I think its lesser known status (which is a SHAME!) is because it was an iTunes exclusive release.


----------



## Dinosaur1972 (Mar 28, 2007)

Very fun song. Cooper clearly has still got it. Our area classic rock station broadcasts "Nights With Alice Cooper", and he's a terrific host.


----------



## Pumpkinhead625 (Oct 12, 2009)

Dinosaur1972 said:


> Very fun song. Cooper clearly has still got it. Our area classic rock station broadcasts "Nights With Alice Cooper", and he's a terrific host.


I've heard that broadcast a few times. Alice is a riot! Very funny and entertaining guy.

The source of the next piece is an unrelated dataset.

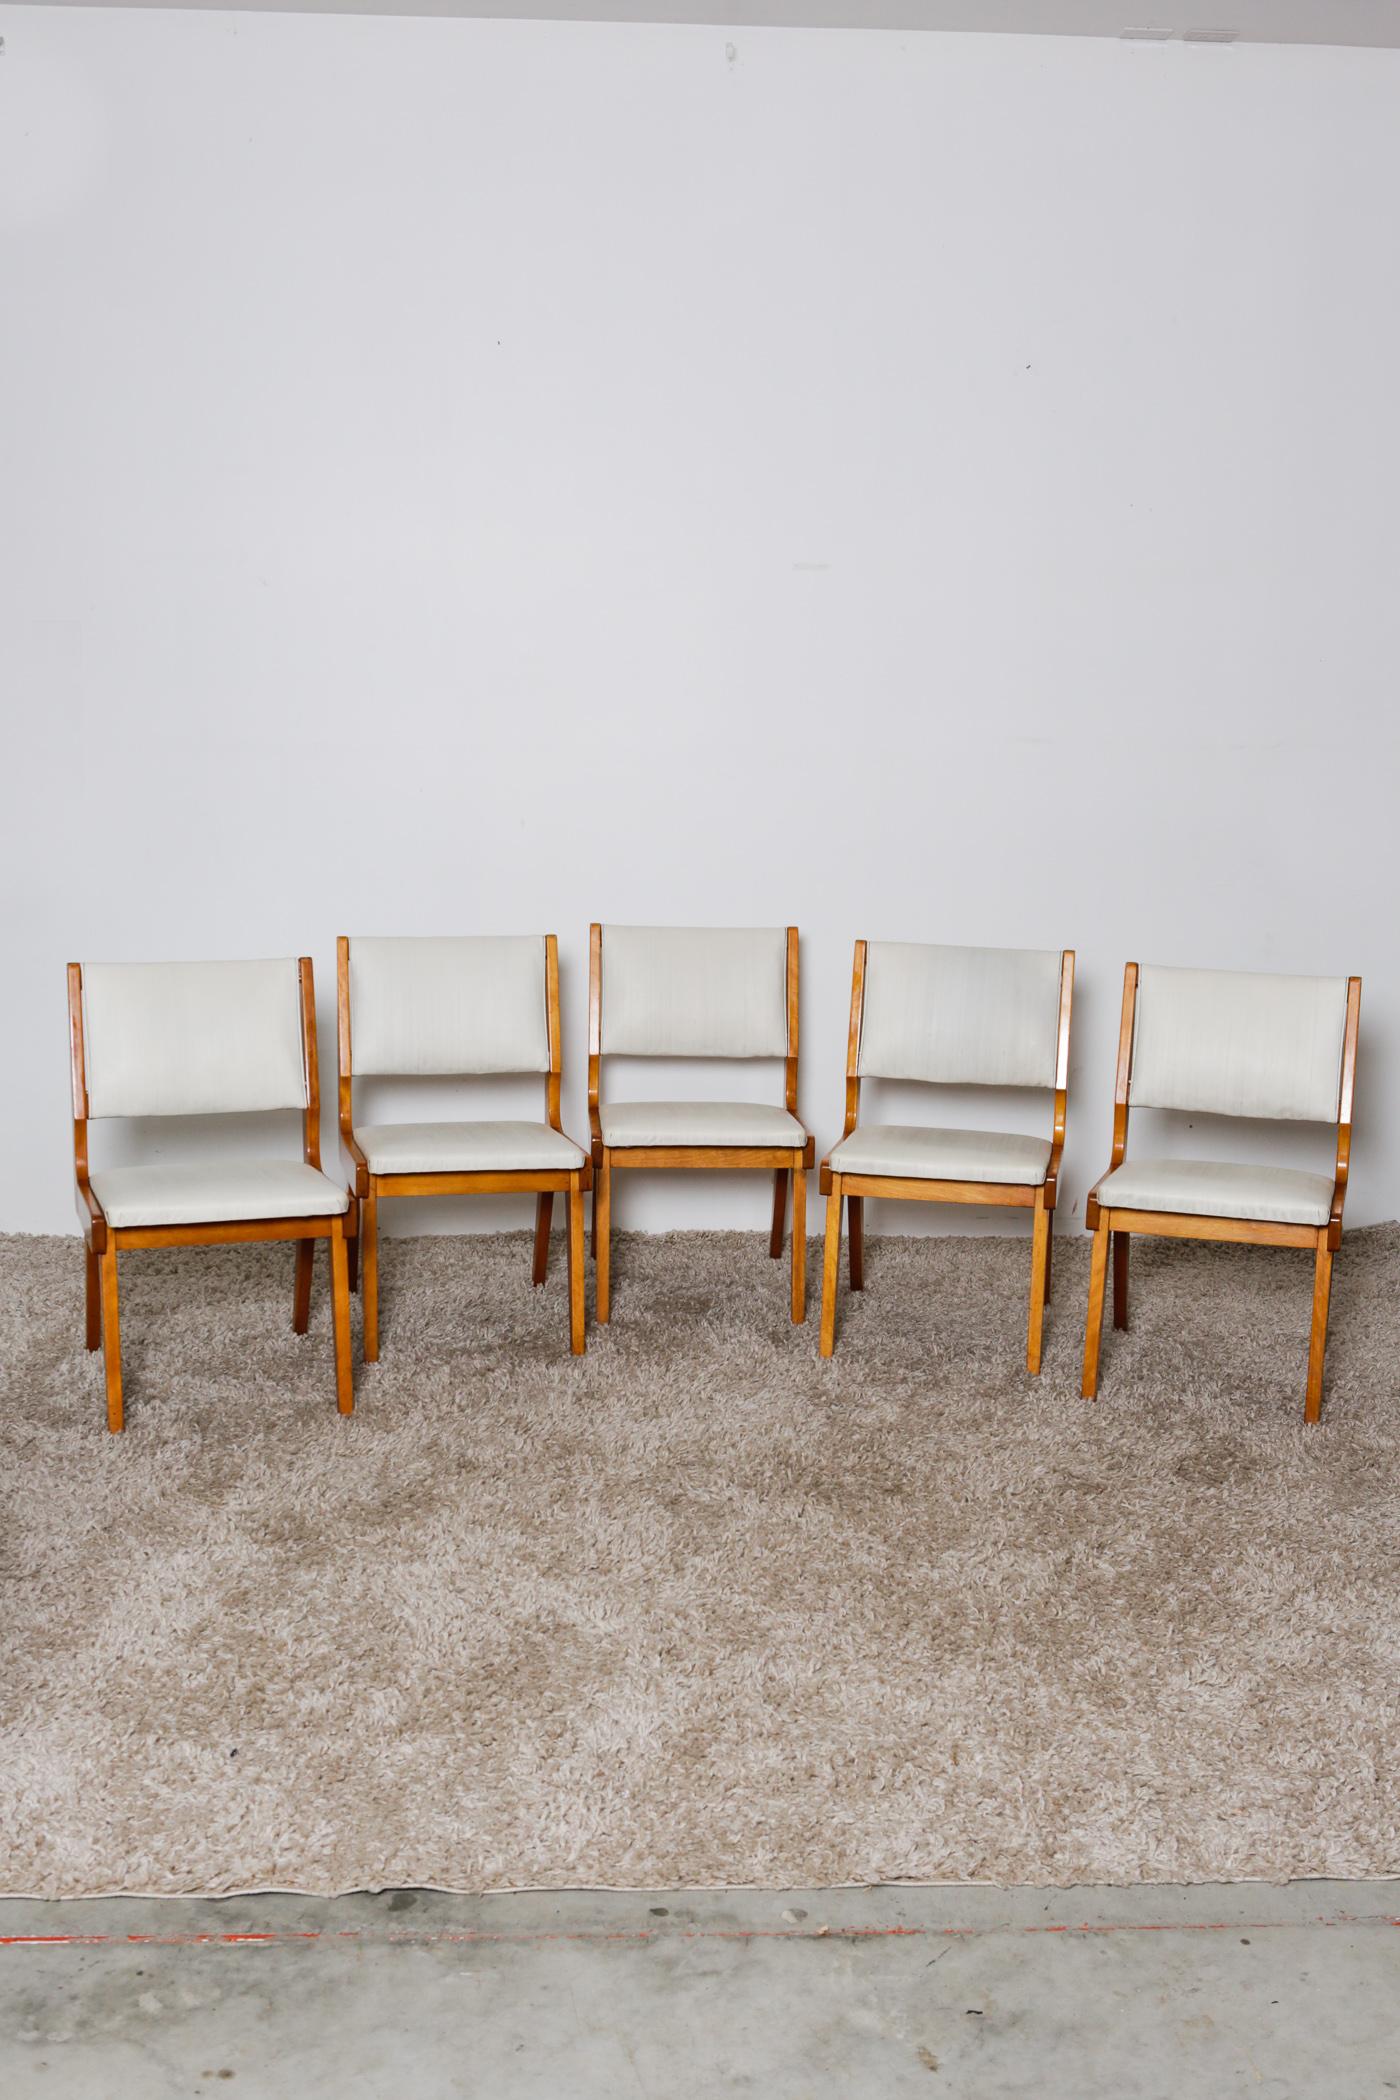 1960s Mid-Century Modern Maple Wood Dining Chairs #5976 by Feldman Brothers For Sale 1

Incidentally, this song is available from amazon now (that's where I got it from).


----------



## kprimm (Apr 3, 2009)

As soon as this song came out I put it in my skulltronix and programmed a routine for it. check it out here

http://youtu.be/ofEGVoaGRgo


----------



## SAMHAYNES (May 22, 2012)

I prefer the one from friday the 13th 6 for halloween but this is also awesome, im an 80s kid i suppose!


----------



## spiderqueen (Aug 31, 2009)

For Halloween 2012, I made an Alice Cooper pumpkin with his face painted on the front, and lyrics from this song on the back. It was pretty dang awesome, if I do say so myself! I haven't been a regular on this forum for so long, I don't think I ever posted it here!


----------



## Oak Lane Cemetery (Sep 5, 2011)

Love the Deadmau5 version of it called "Fear" ... http://youtu.be/7rxvfEqlvHM 

Great remix with some pumping bass and a peppier beat. I used it for my video last year.


----------